The answers to those questions may be the primary reasons your sales force is not achieving their quotas.
“Unusual Offering” is not “Marketing and Positioning”
A key to the growth of your business is your ability to develop a business strategy that includes an unusual value proposition and become the best in the world at delivering on the promises in that value proposition. While every business owner recognizes the importance of “unusual offering” in helping a small business grow, many do not have one of their own. Many confuse “unusual offering” with marketing and positioning. A common mistake many owners make is to create their marketing before they really develop an “unusual offering.” Worse, some develop an “unusual offering” on paper that they cannot back up through operations. It should work in reverse. Once you develop and master your unusual offering, your target clients will easily choose you over your competition. Then you can create marketing campaigns that make it easy for people to notice you, and have salespeople that can convert the core clients as they walk into the sales process.
So How Do You Create An Unusual Offering?
In order to get your business strategy right, your unusual offering may not need to be a dramatic change from your current offering. You may already have an unusual offering that you have not isolated. You want a good bundle or aggregation of products and services that help solve clients’ needs in a special way that totally fits their situation. You may have the same mix of elements as your competition, but you can combine them differently or decide to add or subtract items from your offering in untraditional ways. You should also consider what your potential clients’ options are when configuring your bundle.

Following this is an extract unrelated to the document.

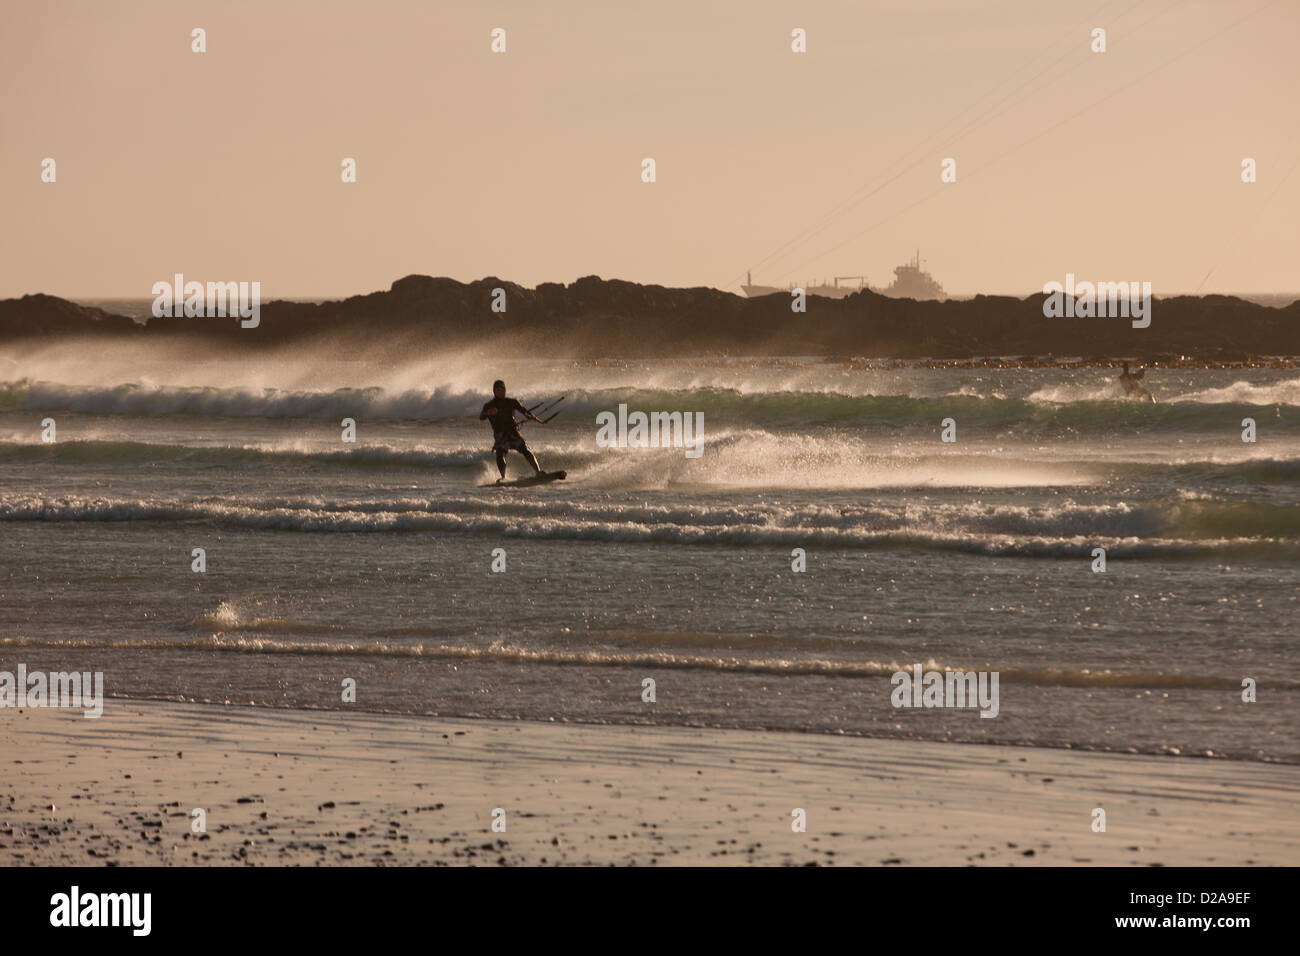 Man windsurfing in waves Stock Photo

Elements That Add Value To An Unusual Offering
Depending on your core client and the options available to them, you need to consider how the following elements add value to your unusual offering:
- Price – What is their total cost today? Do they know what their total cost is? What would additional features, benefits, or services be worth to your prospect in terms of time, value to their clients, the growth of their business, reducing their stress, etc.? If you added new features, services, and benefits would they pay more for it, or would you just be increasing your cost of doing business?
- Cost/Risk Reduction – How can you modify your offering in a way that can substantially reduce client costs? How can the design of your product or service reduce risk for your client?
- Trends – What industry-wide trends are occurring technologically, economically, and environmentally that call for a new advancement in how your product or service is sold, delivered, distributed or marketed?
- Performance – What performance enhancement to your product or service is most valuable to your client? Would your client pay more for this enhancement? Would you lose clients to a competitor that made the enhancement while you did not? Is this enhancement necessary to keep up with minimum expectations? At what point does the performance improvement no longer make a difference in the client’s buying patterns?
- Customization – To what extent does customization to a product or service significantly enhance value?
- Design – To what extent does design make a difference in the usability of your product or service? Can design make your product more appealing or usable?
- Brand/Status – To what extent does brand or status influence the buyer?
- Accessible – Is there a way that you can make your offering more accessible to your target client?